Dus ik sprak mijn schrik uit. Ik zei haar dat ik dat een enorm stigmatiserende en pijnlijke aanname vond en dat ik daar helemaal niet aan had gedacht. Dat ik meer had gedacht aan iets medisch als ADHD of iets dergelijks omdat ik daar ook veel over wist. De dame ging eens ver zitten en zei blij te zijn met mijn schrik en met wat ik zei maar dat veel mensen wel zulke aannames hebben. En dat ze zich zo vaak moest verantwoorden.
Ik kon dat eigenlijk gewoon niet geloven maar eigenlijk toch ook weer wel. Want hoe vaak hoor je niet de verhalen over ZIJ die “anders” zijn. En dat zijn dan nu eens niet degenen met een beperking zoals ze dat in mijn beperkte wereld zijn maar wel de ZIJ met een andere culturele achtergrond.
Met tranen in haar ogen vertelde ze over haar vader die het hier vroeger zo fijn had gehad, toen hij en zijn (oud) landgenoten die naar hier waren gekomen nog op handen werden gedragen omdat ze zo hard werkten. Van toen ze zich nooit hoefden te verantwoorden. Van toen ze nog gewoon gelukkig konden zijn zonder al te veel aannames en vooroordelen.

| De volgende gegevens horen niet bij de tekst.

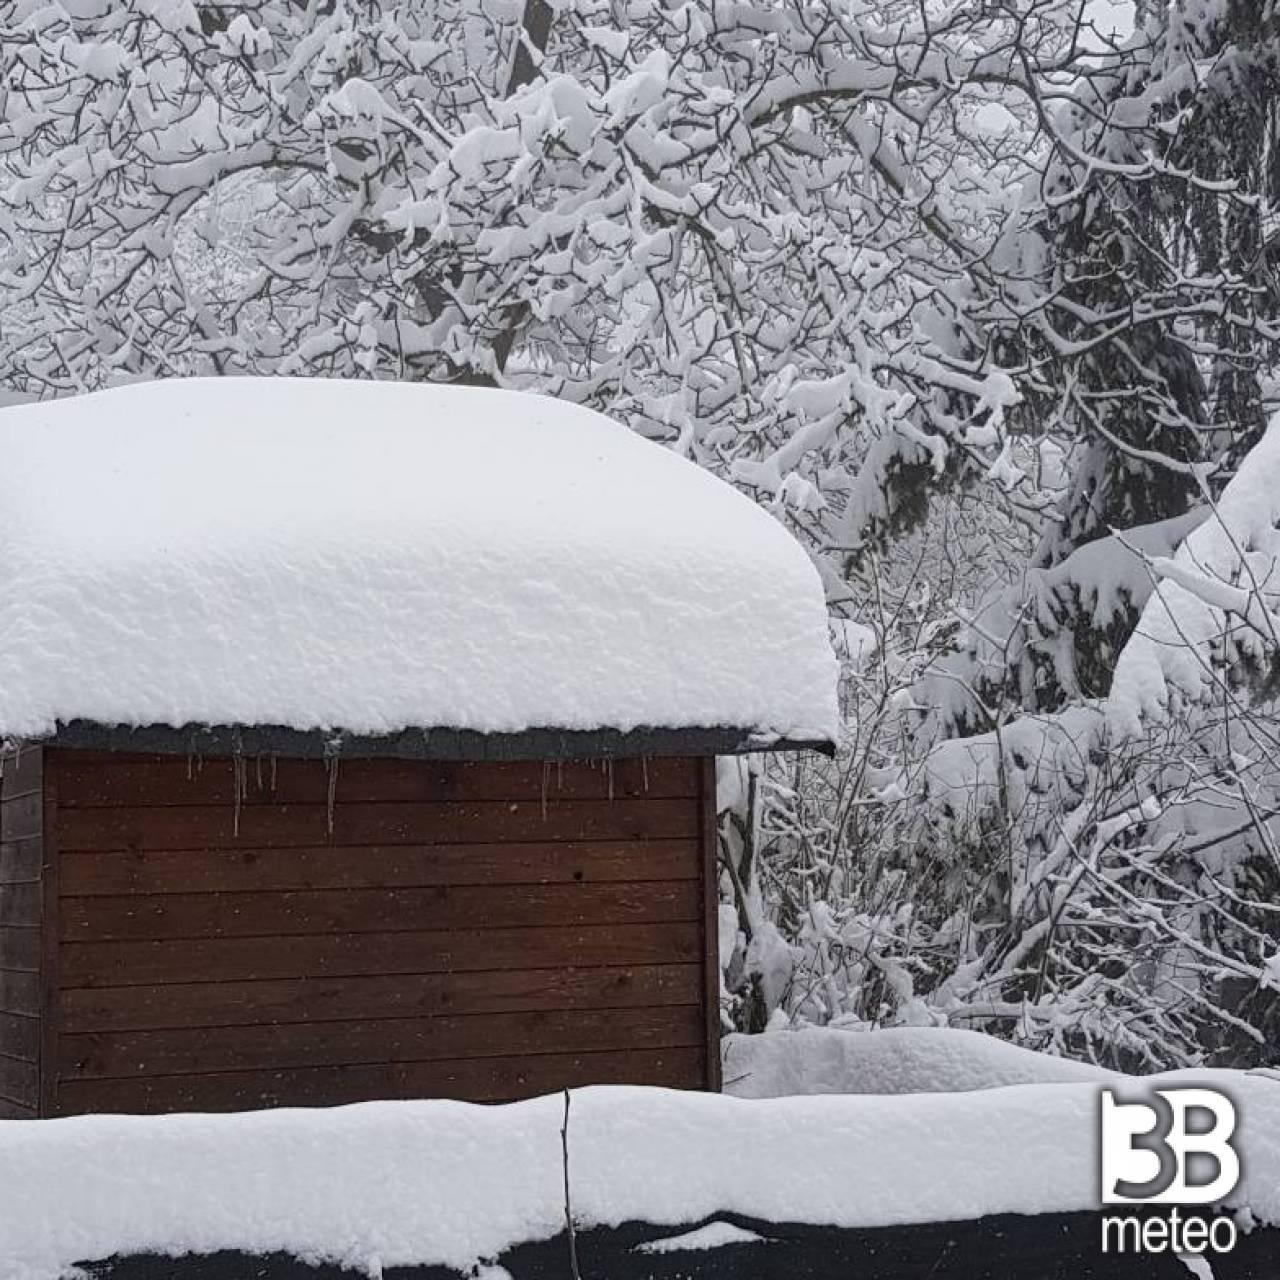 Meteo emilia romagna ancora maltempo venerd neve a tratti in pianura 3b meteo - 3b meteo bagno di romagna ...

Het zette mij aan het denken en 1001 vragen kwamen in mij op maar ik kreeg ze niet gesteld. Want daar kwam mijn zonnestraaltje namelijk alweer aan, klaar om naar huis te vertrekken en snel een beetje want hij was moe!
En ik? Ik was door dit mooie en tegelijkertijd verdrietige gesprek mijn vermoeidheid en boosheid helemaal vergeten en dacht in de auto terug naar huis na over mijn kleine zorgen die soms zo groot lijken maar die het vaak gewoon niet zijn.